A story told with grace, restraint
Tata Indicom/Haier
Contract Advertising
Now here’s a brand I never thought would appear on this side of the balance
sheet. Recent history indicated that this brand was resolute in bucking the general telecom trend of producing consistently interesting work but something seems to have changed. The Yousuf-Irfan commercial rings true and comes as a sprig of freshness in the otherwise arid landscape of this brand. Usually, stories involving relatives of celebrities are cringe-inducing (remember Yuvraj Singh and his mom?) but this one is told with grace and restraint.
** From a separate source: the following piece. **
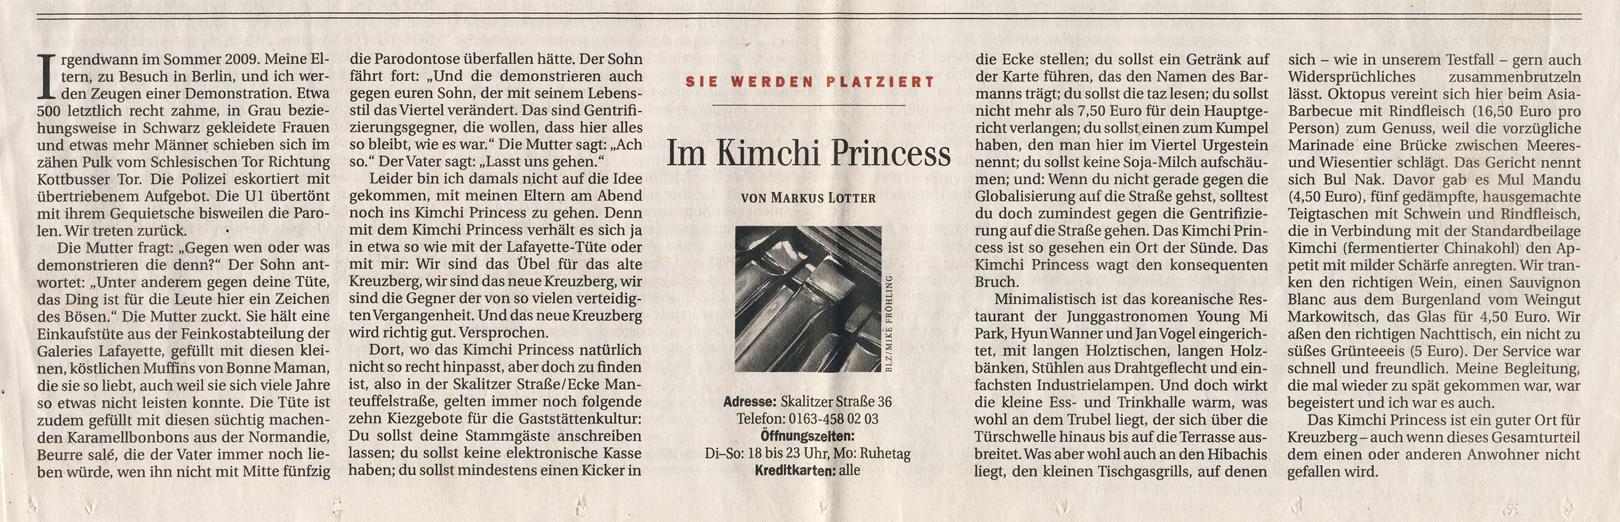 Berliner Zeitung 07-2010

Simple, literal but it works
Kentucky Fried Chicken/KFC
Ogilvy and Mather
Muttiah Muralitharan licks his fingers instead of wrapping them around a cricket
ball and making it turn freakishly. He licks his fingers because he has been to KFC, where the food is finger-lickingly good. Sometimes, simple, literal connections can create moments of minor joy.
Turkey of the month
Inexplicably off the mark
HDFC Standard Life
Leo Burnett
Beating back the challenge put up by the Complan and sundry Dabur ads, the
winner by a mile is HDFC with its let’s-kill-daddy life insurance ad.
For a brand that has consistently spoken insightfully to its audience, this one is inexplicably off the mark. To have an utterly contrived dialogue that leads a stranger to ask a child to imagine his father dead is an act of perversity without many parallels in advertising.
Granted, there is no easy way to talk about death but surely, parading that possibility ham-handedly in front of a 10-year-old could have been avoided.